Margaret Wise Brown made a point of listening to children, and trying to see the world as they saw it. She has been rewarded by decades of loyalty

The children’s book Goodnight Moon, which is 75 this year, had a slow start in life, not least because it was rejected by the New York library system for being sentimental and lacking in an improving moral. It has now sold more than 40m copies and regularly appears on lists of most popular books to give to young children. A series of pictures show a great green room in which a small rabbit is in bed, watched by a grownup rabbit in a rocking chair, while the captions intone goodnights – “Goodnight bears / Goodnight chairs / Goodnight kittens / And goodnight mittens”. Some adults still find them disconcerting, even creepy (especially “Goodnight nobody”).

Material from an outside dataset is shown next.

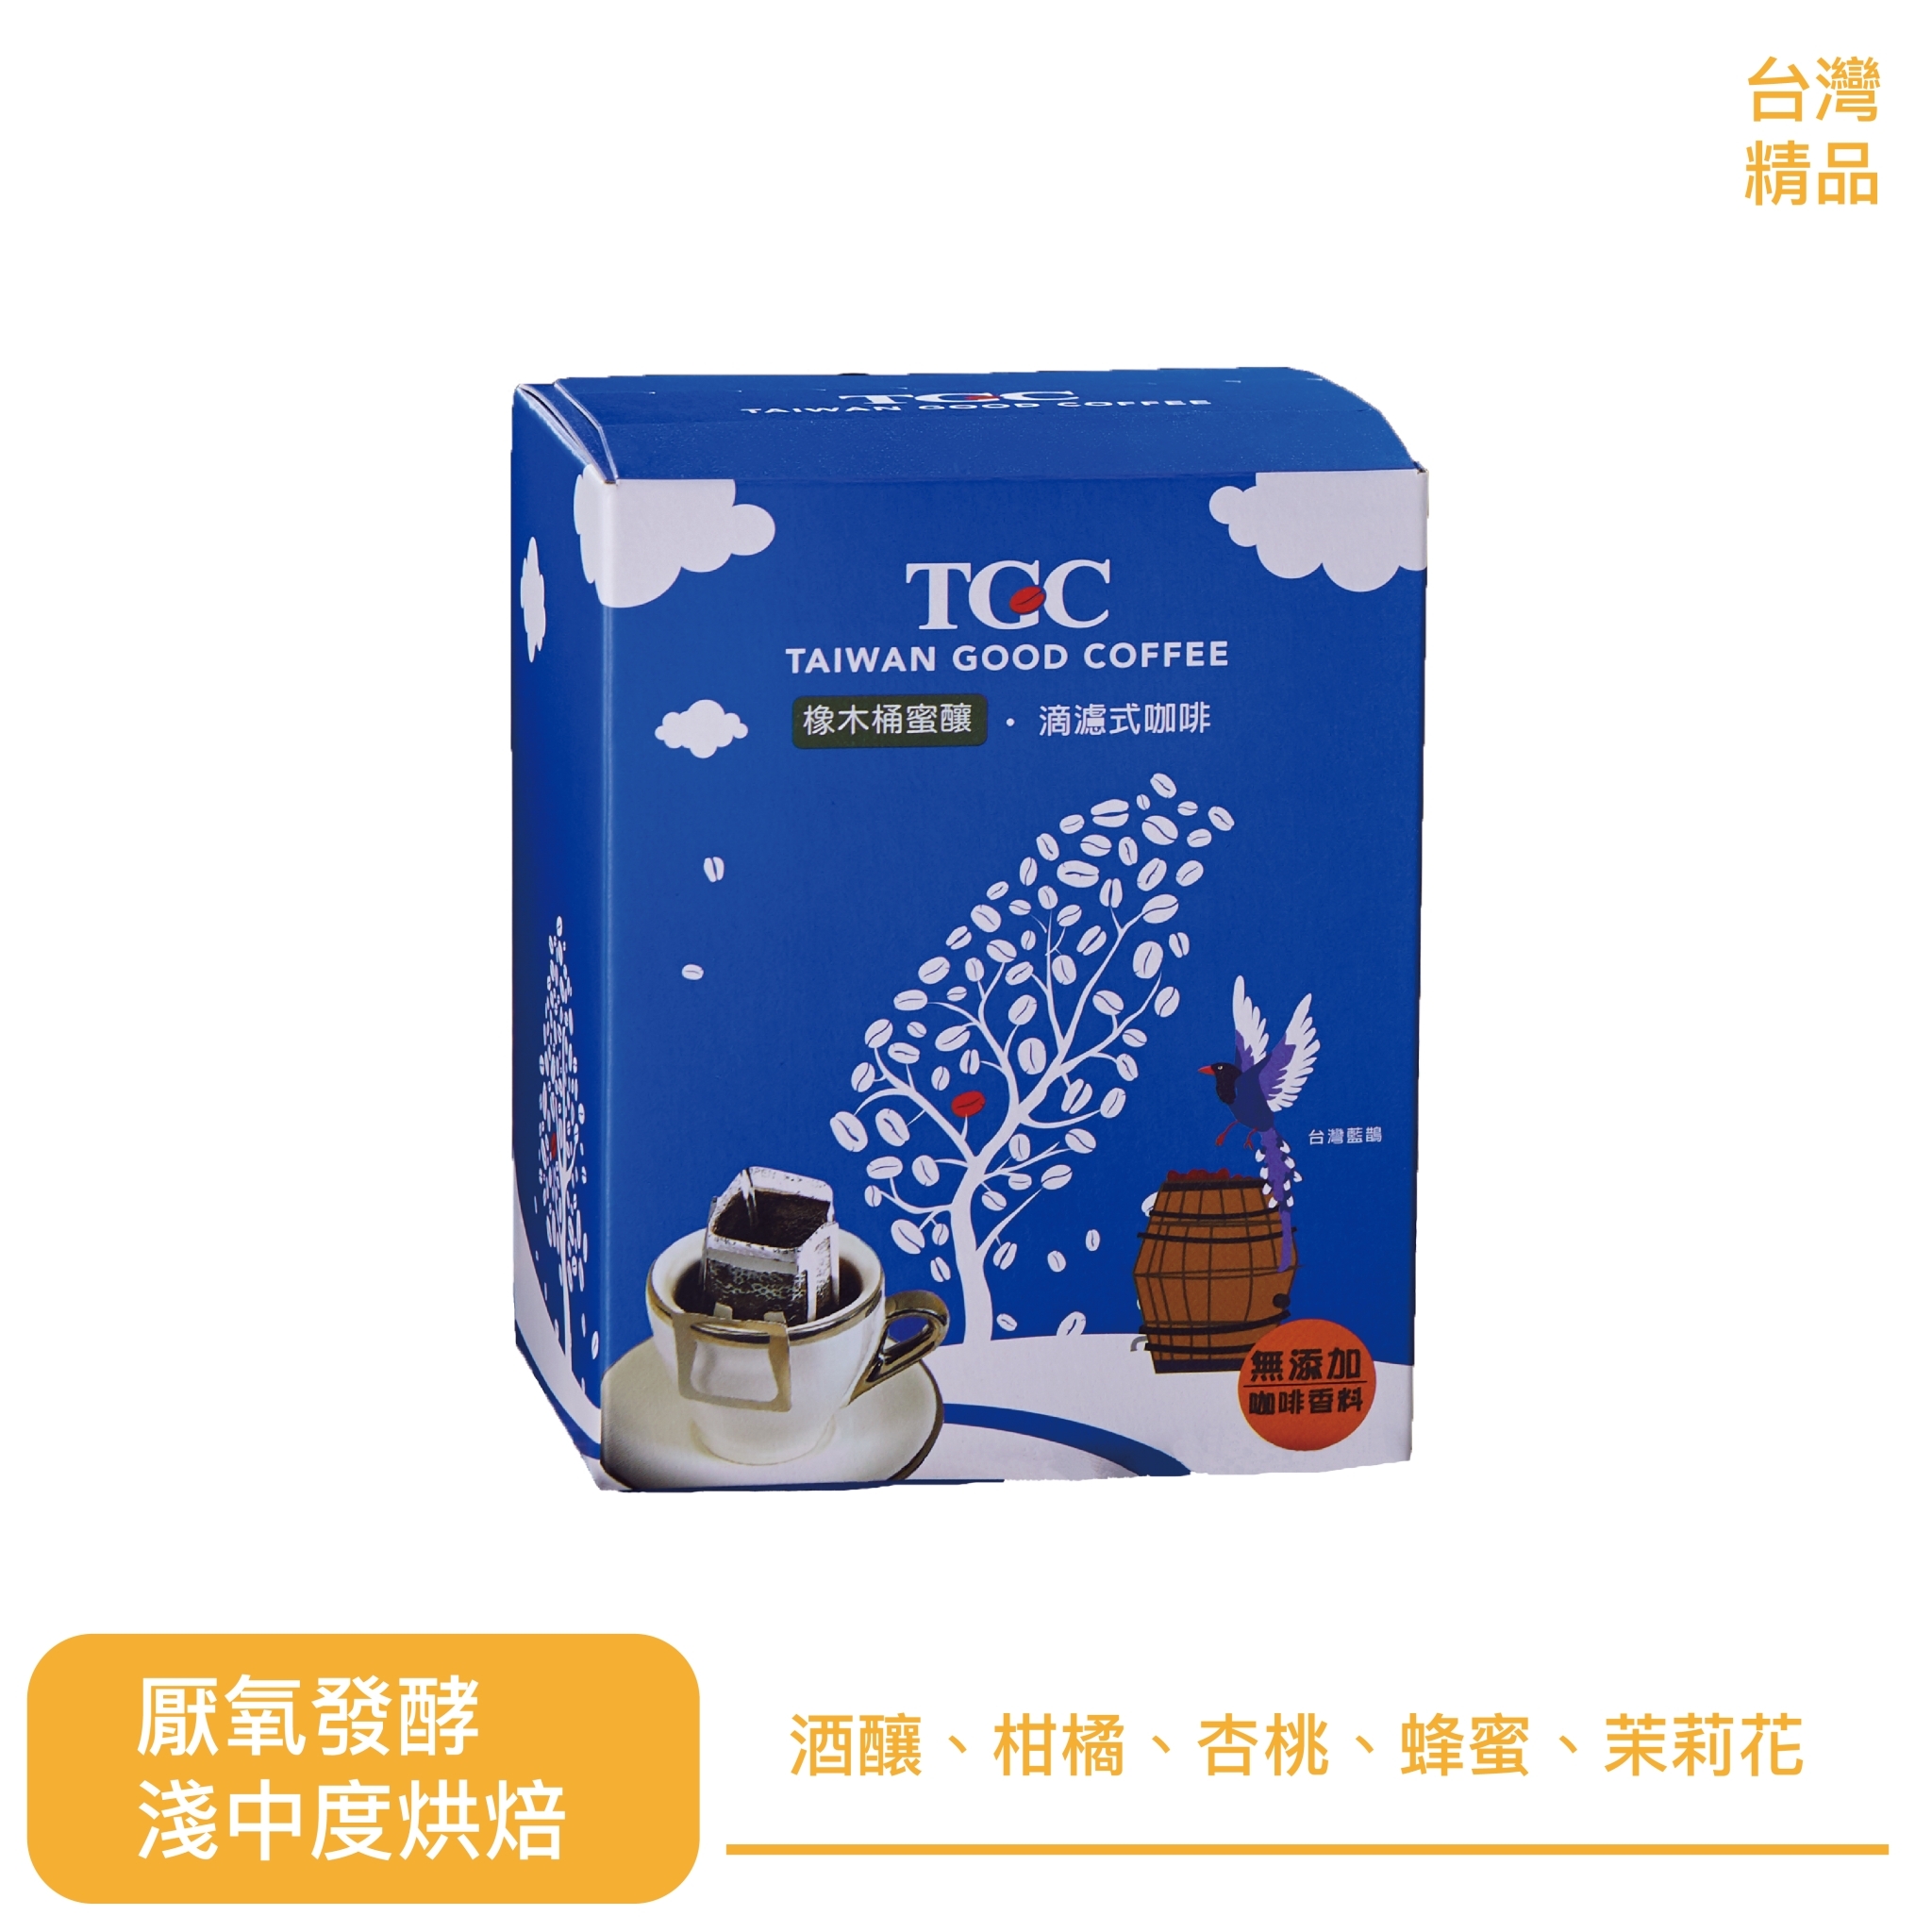 【TGC】台灣橡木桶蜜釀滴濾咖啡

But one of the book’s many striking features is the extent and skill with which it addresses not adults but small children. Margaret Wise Brown, who initially trained as a teacher, studied under the early years pioneer Lucy Sprague Mitchell, who argued that not only did small children exist in the “here and now”, but that what adults found so familiar as to be invisible (a bed, a room, a bowl of mush) was still wondrous. (And the Mitchell Here and Now Story Book contains tales not dissimilar to Goodnight Moon.) Brown’s book sees what a child would see, and care about; there is no plot.